The Patriot Post® · Government/Corporate Tyranny
On January 14, 2021, the Office of the Comptroller of the Currency (OCC) finalized a rule codifying a decade of OCC guidance that made it illegal for any OCC-regulated bank with more than $100 billion in assets to reject customers for any reason other than financial risk. In short, it was an effort to prevent banks from targeting industries and organizations deemed “politically incorrect” by the American Left and therefore “unworthy” of access to services, capital, and/or credit. One week later, the OCC put the rule on hold to “allow the next confirmed Comptroller of the Currency to review the final rule and the public comments the OCC received, as part of an orderly transition.”
Before his departure, acting Comptroller Brian Brooks explained the rationale behind the original rule. “As Comptrollers and staff in previous administrations have made clear in speeches, guidance, and testimony, banks should not terminate services to entire categories of customers without conducting individual risk assessments,” he stated. “It is inconsistent with basic principles of prudent risk management to make decisions based solely on conclusory or categorical assertions of risk without actual analysis. Moreover, elected officials should determine what is legal and illegal in our country.”
The OCC further argued that it was the agency’s obligation “to ensure fair access to financial services, and fair treatment of customers” required by banks following the passage of the Dodd-Frank Wall Street reform law in 2010.
The rule was initially proposed on November 19, 2020, and drew praise from Republicans who had criticized virtue-signaling banking behemoths such as Citibank, Morgan Stanley, Goldman Sachs, Bank of America, Wells Fargo, and JPMorgan Chase, which had dropped clients that sold firearms and/or refused to fund fossil fuel producers.
Senator Kevin Cramer (R-ND), a member of the Senate Banking Committee, made it clear he has no patience for such politically motivated machinations. “Fairness matters. Discrimination is not allowed in our society and big banks should not be an exception,” he explained. “No matter how important their services are, they do not have the right to create de-facto bans on legal businesses like energy producers and gun manufacturers.”
Unsurprisingly, Democrats insisted the Dodd-Frank bill was about protecting people of color who had faced banking discrimination for decades, not rich corporations with a myriad of banking options.

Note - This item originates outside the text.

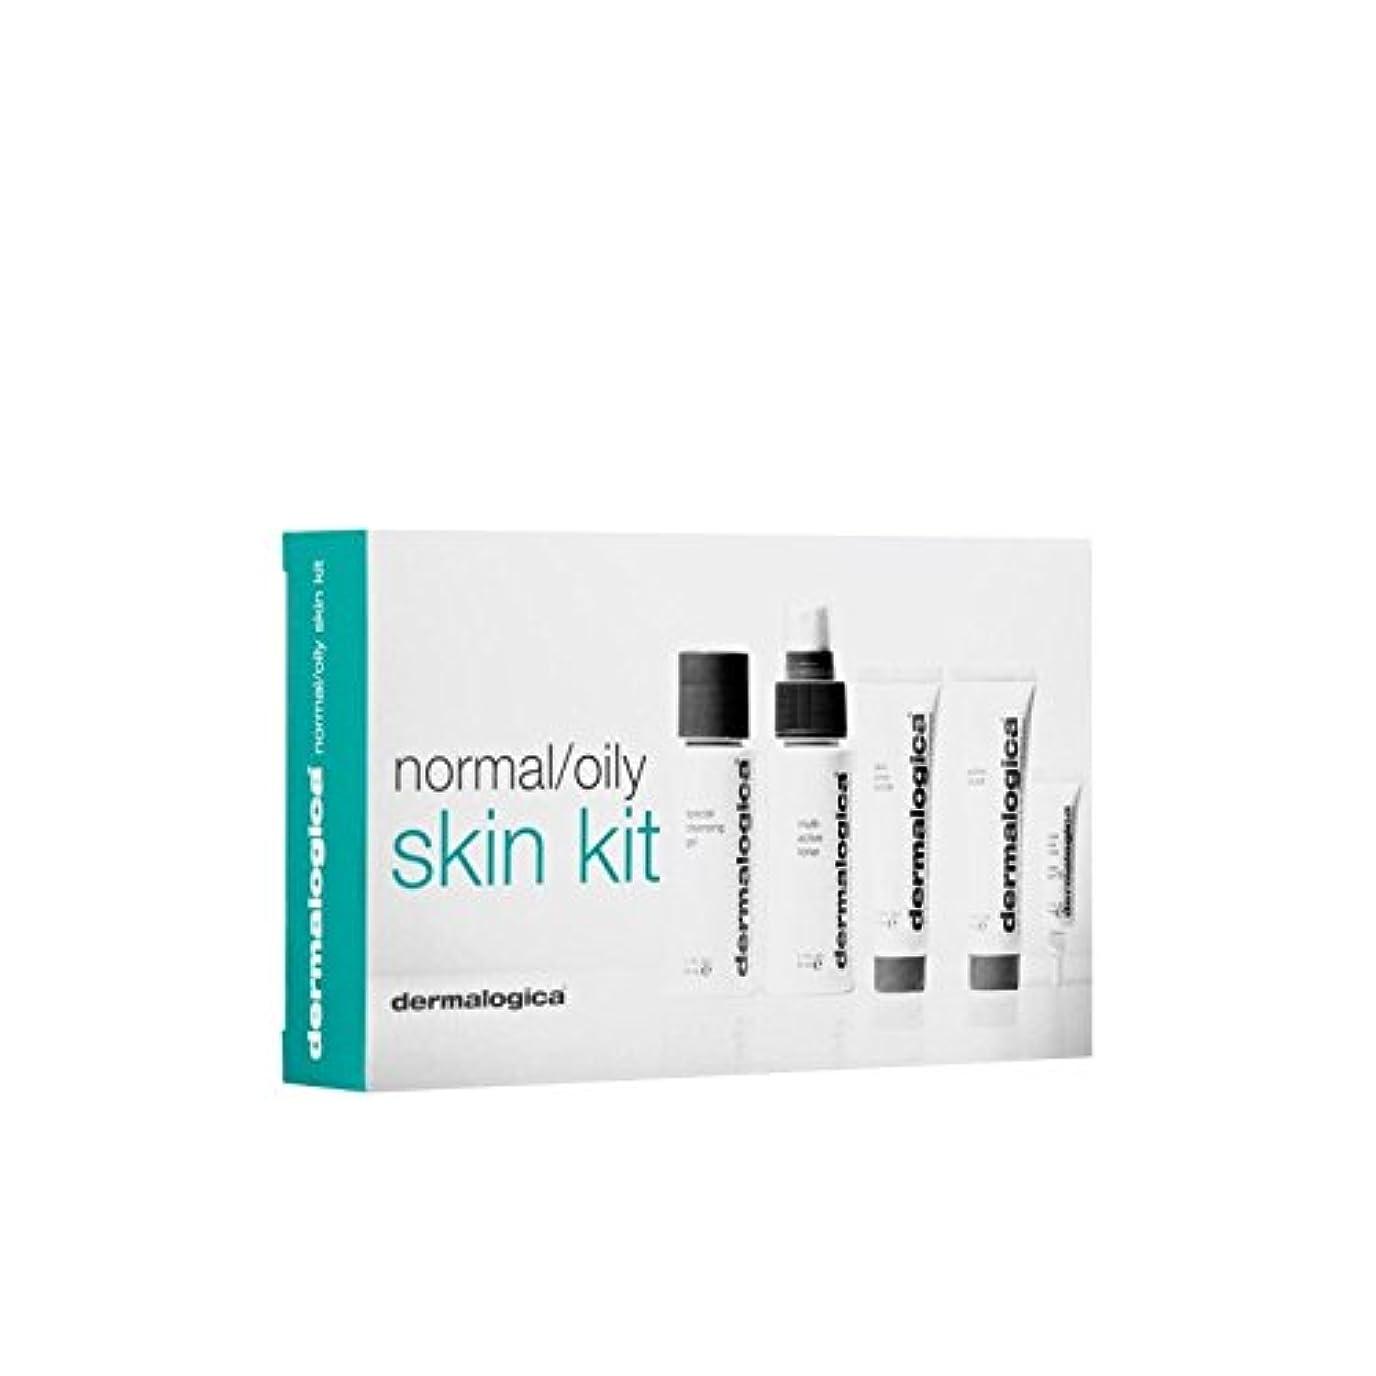 ポータル影成功したDermalogica Skin Kit - Normal/Oily (5 Products) (Pack of 6) - ダーマロジカスキンキット - ノーマル/オイリー(5製品) x6 [並行輸入品]

Banking industry groups were also critical. “The rule lacks both logic and legal basis, it ignores basic facts about how banking works, and it will undermine the safety and soundness of the banks to which it applies,” said Greg Baer, president and CEO of the Bank Policy Institute, a research and advocacy group for big U.S. banks. “Its substantive problems are outweighed only by the egregious procedural failings of the rule making process, and for these reasons it is unlikely to withstand scrutiny.”
Scrutiny from whom? Millions of Americans are well aware we have entered an age where, under the banner of “socially responsible investing,” a hard-left political agenda is being forcibly imposed on them.
And not just by banks. “Corporate action meant to undermine the democratic will has been a hallmark of American business for years now,” explains columnist Stephen R. Soukup.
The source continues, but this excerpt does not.